Examining Unicode, Part II – Digesting Text

by Fraser Gordon on April 2, 2014 11 comments

In my last article, I described how Unicode text can be broken down into its individual subcomponents: characters are composed of one or more codepoints and these codepoints are encoded into code units which comprise one or more bytes. Expressed in LiveCode:

byte a of codeunit b of codepoint c of character d

This article will explain how you can use these components when processing Unicode text.

Characters to Codepoints: Normalisation

Following the chunk expression above, the first step is breaking a character up into its constituent codepoints. As discussed yesterday, these could be in either composed or decomposed form (or even somewhere in between!). Should you prefer one particular form over another, LiveCode includes a conversion function:

put normalizeText("é", "NFD") into tDecomposed

The “NFD” supplied as the second parameter says you want the string in a Normal Form, Decomposed. For composition, you would specify “NFC”. (There are also “NFKC” and “NFKD” forms but these are not often useful. The “K” stands for “compatibility”…).

What do you think will happen when you execute the following line of code?

answer  normalizeText("é", "NFC") is normalizeText("é",  "NFD")

LiveCode will happily tell you that both strings are equal! This shouldn’t really be a surprise; when considered as graphical characters they are the same, even if the underlying representation is different. Just like case sensitivity, you have to explicitly ask LiveCode to treat them differently:

set the  formSensitive to true

With that set, LiveCode will now consider composed and decomposed forms of the same text to be different, just as it treats “a” and “A” as different when in case-sensitive mode. Also like the caseSensitive property, it only applies to the current handler.

Lets use this knowledge to do something useful. Consider a search function – maybe you’d like to match the word “café” when the user enters “cafe” – here’s how you’d remove accents from a bunch of text:

function stripAccents pInput
local tDecomposed
local tStripped

-- Separate the accents from the base letters
put normalizeText(pInput, "NFD") into tDecomposed

repeat for each codepoint c in tDecomposed
-- Copy everything but the accent marks
if codepointProperty(c, "Diacritic") is false then
put c after tStripped
end if
end repeat

return tStripped
end stripAccents

The function also demonstrates another very useful function – codepointProperty – which will be our next port-of-call.

Codepoint Properties

The supporting library that LiveCode uses to assist in some of the Unicode support (libICU) provides an interface for querying various properties of codepoints and this is exposed to LiveCode scripts via the new codepointProperty function. To use this function, simply provide a codepoint as the first parameter and the name of the property you’d like to retrieve as the second parameter.

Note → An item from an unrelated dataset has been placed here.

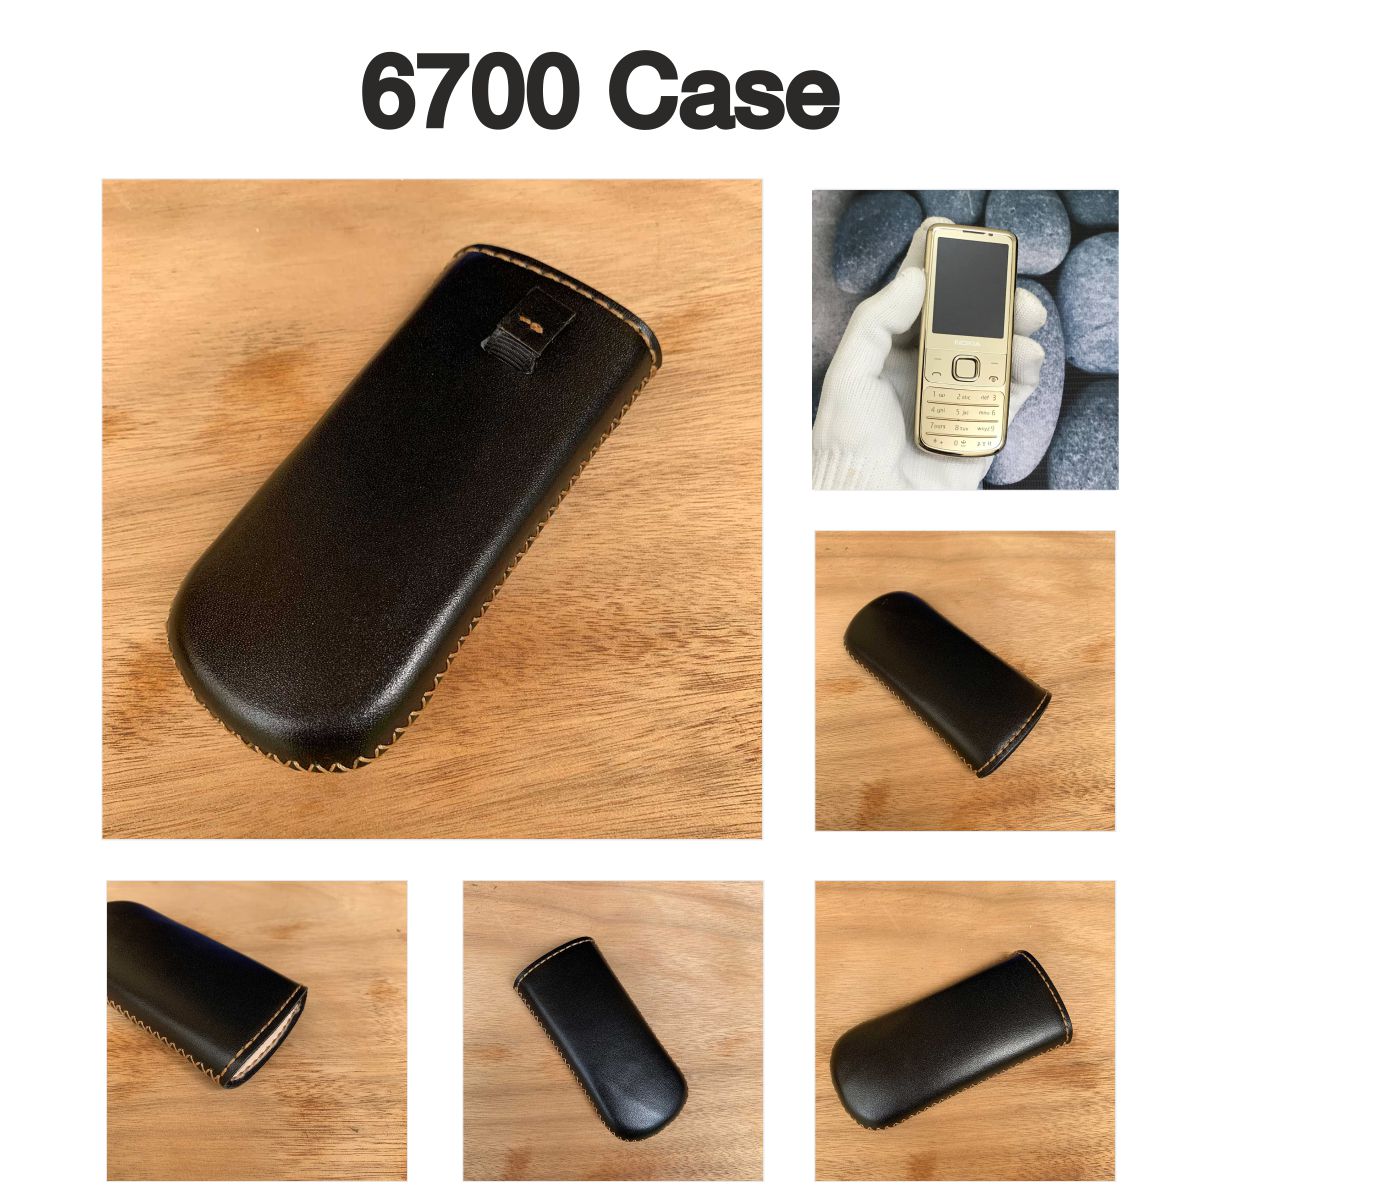 Bao điện thoại Nokia 8800 - Da thật nhập khẩu - Handmade thủ công - Màu Đen
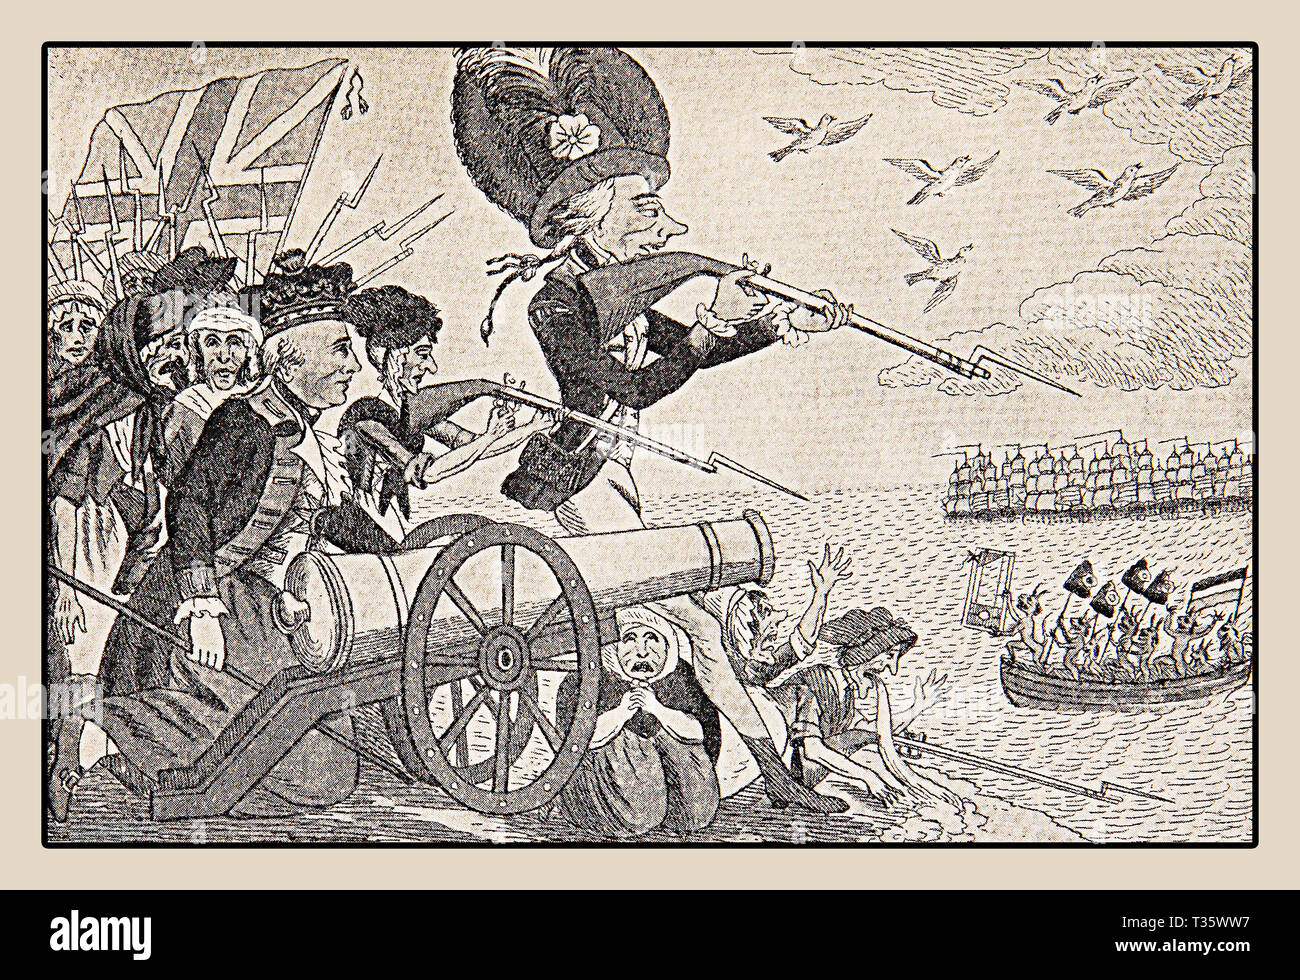 Englisch Kräfte warten die französische Invasion durch Meer während der maritimen Krieg von 1806-1815, die mit der Niederlage Napoleons in der Schlacht bei Waterloo endete. Stockfoto

There are a large number of properties that exist, some of which are more useful than others. For an overview of the properties that the Unicode character database provides, please see here (http://www.unicode.org/reports/tr44/). Some of my personal favourites are:

  1. “Name” – returns the official Unicode name of the codepoint
  2. “Script” – script the character belongs to, e.g. Latin or Cyrillic
  3. “Numeric value” – the value of the character when interpreted as a number
  4. “Lowercase Mapping” and “Uppercase Mapping” – lower- or upper-cases the character

 

Example output from these properties:

answer codepointProperty("©", "Name")              -- "COPYRIGHT SIGN"
answer codepointProperty("Ω", "Script")            -- "Greek"
answer codepointProperty("¾", "Numeric Value")     -- 0.75
answer codepointProperty("ß", "Uppercase Mapping") -- "SS" 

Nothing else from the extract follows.